Task inputs START

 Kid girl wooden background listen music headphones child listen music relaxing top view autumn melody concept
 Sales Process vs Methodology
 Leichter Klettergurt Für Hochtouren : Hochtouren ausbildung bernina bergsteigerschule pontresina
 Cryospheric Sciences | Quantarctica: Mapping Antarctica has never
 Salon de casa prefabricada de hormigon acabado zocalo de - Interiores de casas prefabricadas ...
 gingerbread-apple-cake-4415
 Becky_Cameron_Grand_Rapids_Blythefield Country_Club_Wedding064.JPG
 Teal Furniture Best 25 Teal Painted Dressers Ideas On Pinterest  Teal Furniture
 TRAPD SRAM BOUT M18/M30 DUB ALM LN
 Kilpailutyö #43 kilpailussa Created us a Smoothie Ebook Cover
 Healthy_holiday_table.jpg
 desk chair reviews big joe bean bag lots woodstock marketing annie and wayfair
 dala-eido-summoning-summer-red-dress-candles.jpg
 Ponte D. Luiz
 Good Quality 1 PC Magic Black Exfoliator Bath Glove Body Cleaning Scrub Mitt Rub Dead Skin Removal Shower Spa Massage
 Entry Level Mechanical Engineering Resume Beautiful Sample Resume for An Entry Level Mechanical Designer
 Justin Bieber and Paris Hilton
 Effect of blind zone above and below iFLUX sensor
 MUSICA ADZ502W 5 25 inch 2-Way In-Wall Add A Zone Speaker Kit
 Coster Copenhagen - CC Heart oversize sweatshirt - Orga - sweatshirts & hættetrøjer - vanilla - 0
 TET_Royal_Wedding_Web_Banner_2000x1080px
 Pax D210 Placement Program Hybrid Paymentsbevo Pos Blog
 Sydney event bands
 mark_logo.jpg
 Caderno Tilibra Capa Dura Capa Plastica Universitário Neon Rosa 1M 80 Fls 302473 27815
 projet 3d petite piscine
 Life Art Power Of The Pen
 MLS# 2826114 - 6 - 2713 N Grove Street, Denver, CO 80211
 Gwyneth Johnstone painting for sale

Task inputs END

**Your instructions**
Starting with the first line of the records above, give back each line exactly until the line with "Cryospheric Sciences |" has been given as well.

**Response to this exercise**
 Kid girl wooden background listen music headphones child listen music relaxing top view autumn melody concept
 Sales Process vs Methodology
 Leichter Klettergurt Für Hochtouren : Hochtouren ausbildung bernina bergsteigerschule pontresina
 Cryospheric Sciences | Quantarctica: Mapping Antarctica has never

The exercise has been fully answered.